How the prewar terrorism in Iraq worked with state support


S
trategy Page:

Casualties, and terrorist attacks, continue to run at half the rate of the last few months. It is believed there is a connection between this and the growing number of patrols and raids in Sunni Arab towns, places that have not seen such activities for the last two years. These battles are a deliberate effort to break the power of the gangs that provide the support that make the terror attacks possible. All of this is possible because of more information about the gangs, and the increase in such information is no accident.

American intelligence efforts, a war-in-the-shadows that has been fought with great intensity for over two years, has revealed a lot of detail about how Iraqi society really works. It is not a pretty picture. Saddam left behind a culture of armed gangs that use on terror and intimidation to control populations. This is the system that kept Saddam in power, and it is a clever perversion of traditional Iraqi society. Saddam took advantage of family, clan and tribal loyalties to increase the power of tribes or clans that would cooperate with him. For the groups that remained hostile (mainly Kurds and Shia Arab, but some Sunni Arabs as well), he allowed loyal "gangs" to terrorize and exploit these hostile groups. Many of these loyal gangs were, literally, criminal enterprises that controlled illegal activities in an area. The most valuable of these scams was the smuggling, especially oil smuggling, where the gangs with official permission, kicked back to Saddam part of their profits.

When Saddam's government fell in early 2003, and his army and civil service were dismissed shortly there after, Saddam's gangs were largely unaffected. The gangs actually thrived in the aftermath of the invasion, often being responsible for much of the organized looting. Some of the gangs, especially the ones doing dirty work for Saddam in the Shia south, were destroyed by their armed, and vengeful, victims. Saddam had provided overpowering military force to back up the gangs, and this backup disappeared when Saddam was run out of office. But in the Sunni Arab areas, the gangs became the heirs to Saddam, and carried on in his tradition of rule-by-terror and large scale theft.

The decision of the gangs to join forces with al Qaeda was a practical one. Both groups were hostile to the foreign troops who had deposed Saddam, and al Qaeda had an endless supply of suicide bombers, and cash. It was a marriage made in hell, and it is coming to a bad end....

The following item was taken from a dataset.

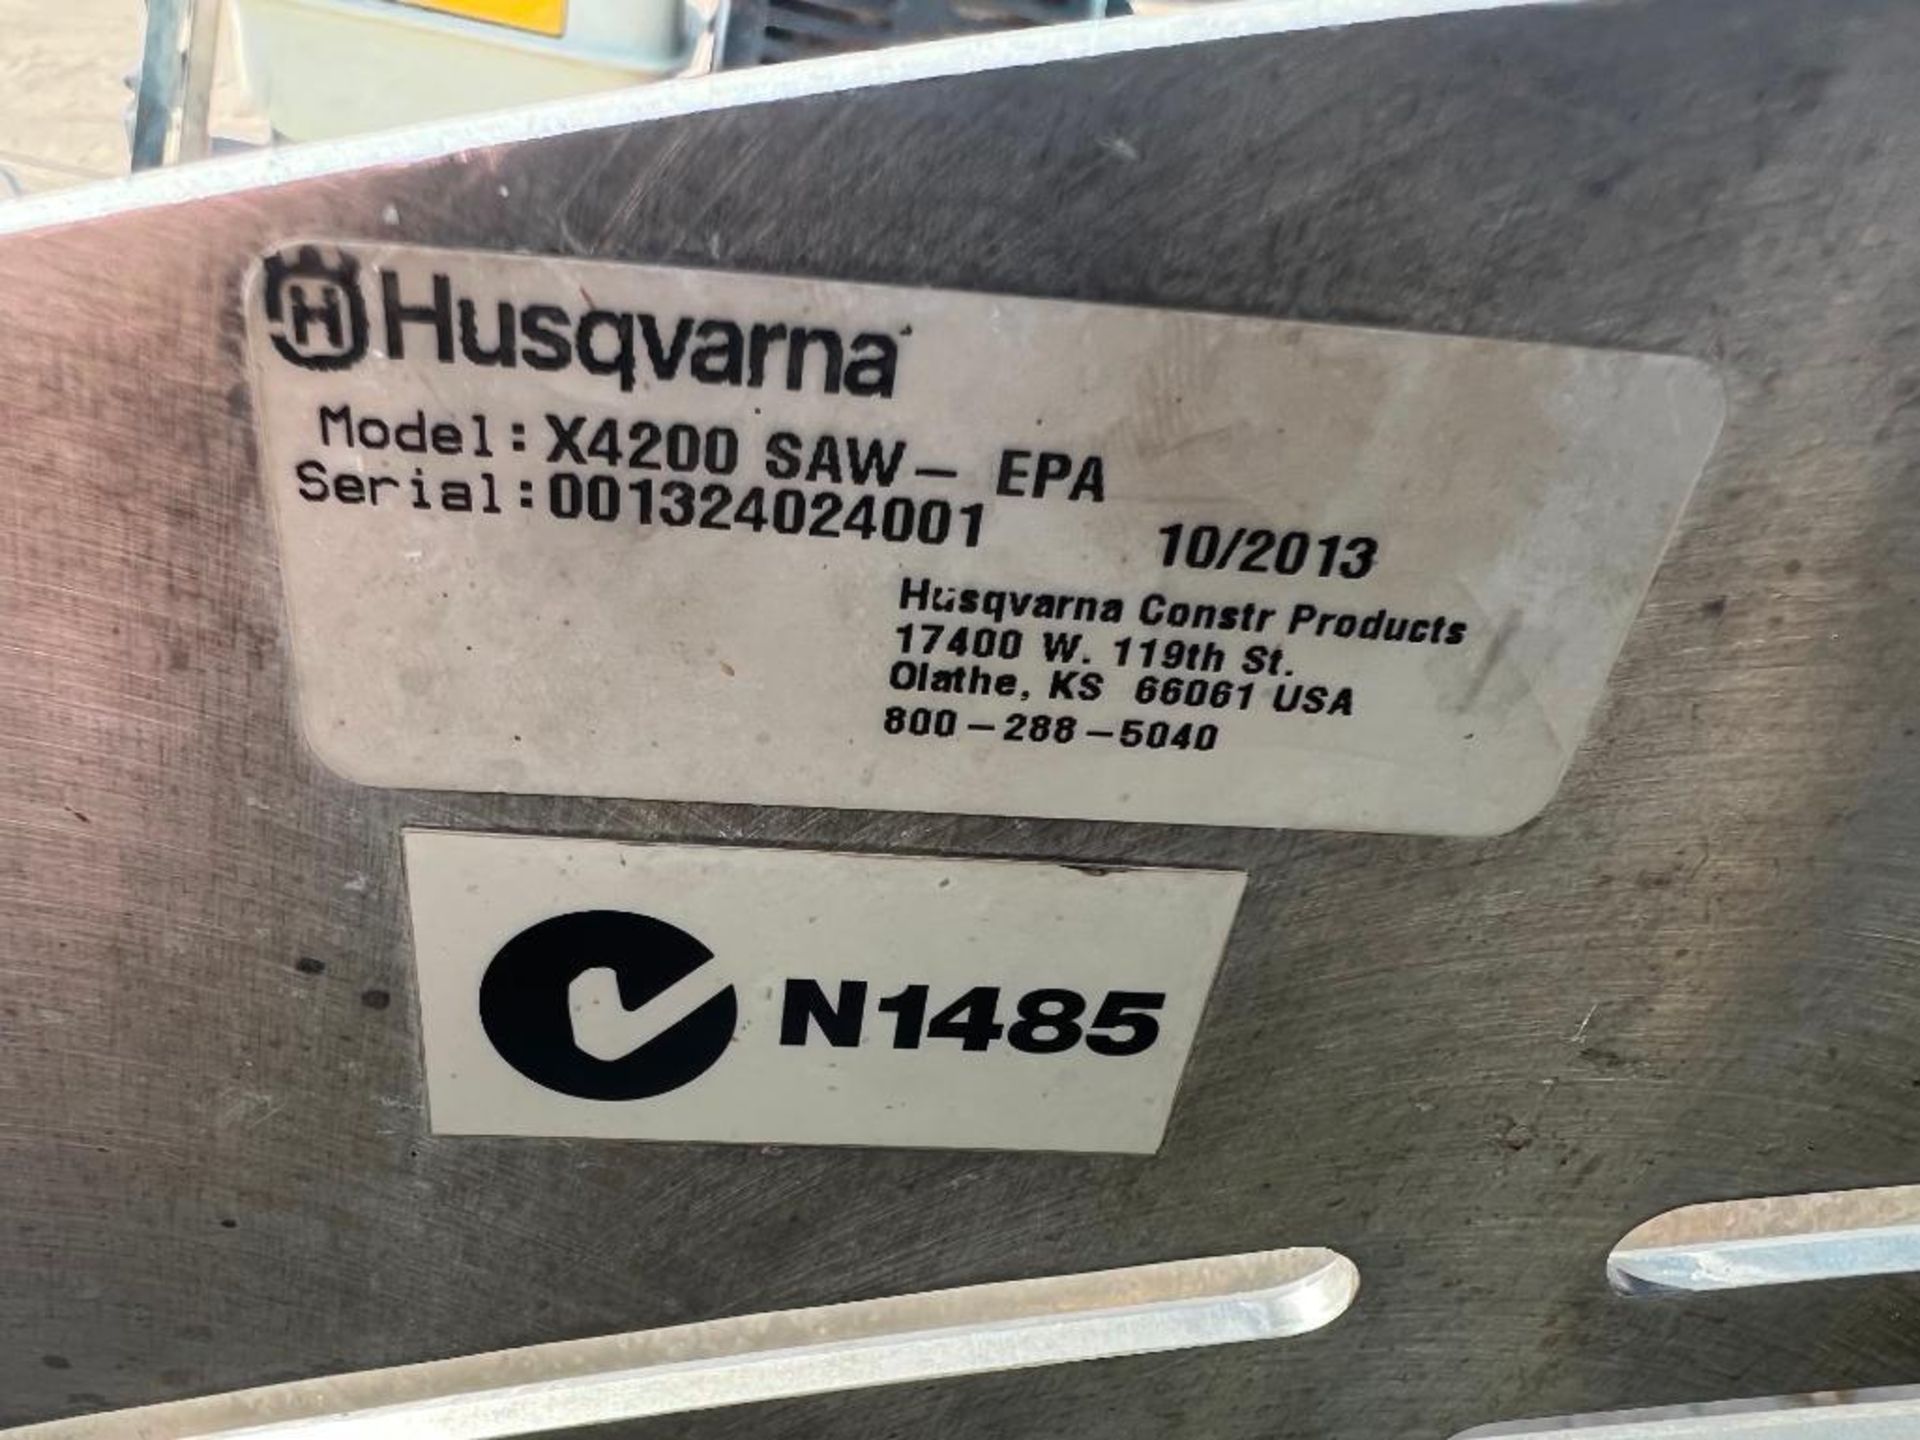 2013 Husqvarna X4200 Soff-Cut Concrete Saw, Hours 593, Serial #001324024001, 23 hp Engine, Cutting D - Image 5 of 9

Read it all. So should the Washington Post's Ellen Knickmeyer whose most recent story is about how car bombings and terrorist attacks were unknown before the war. But that only made the state supported terrorism worse because there was no hope for justice then as there is now. Knickmeyer has done some good reporting in Iraq, but this story falls into the trap that many journalist in Iraq have of assuming that prewar Iraq was like the kite flying scene in Michael Moore's awful movie. Where does Knickmeyer think the 300,000 plus in mass graves met their demise--flying kites?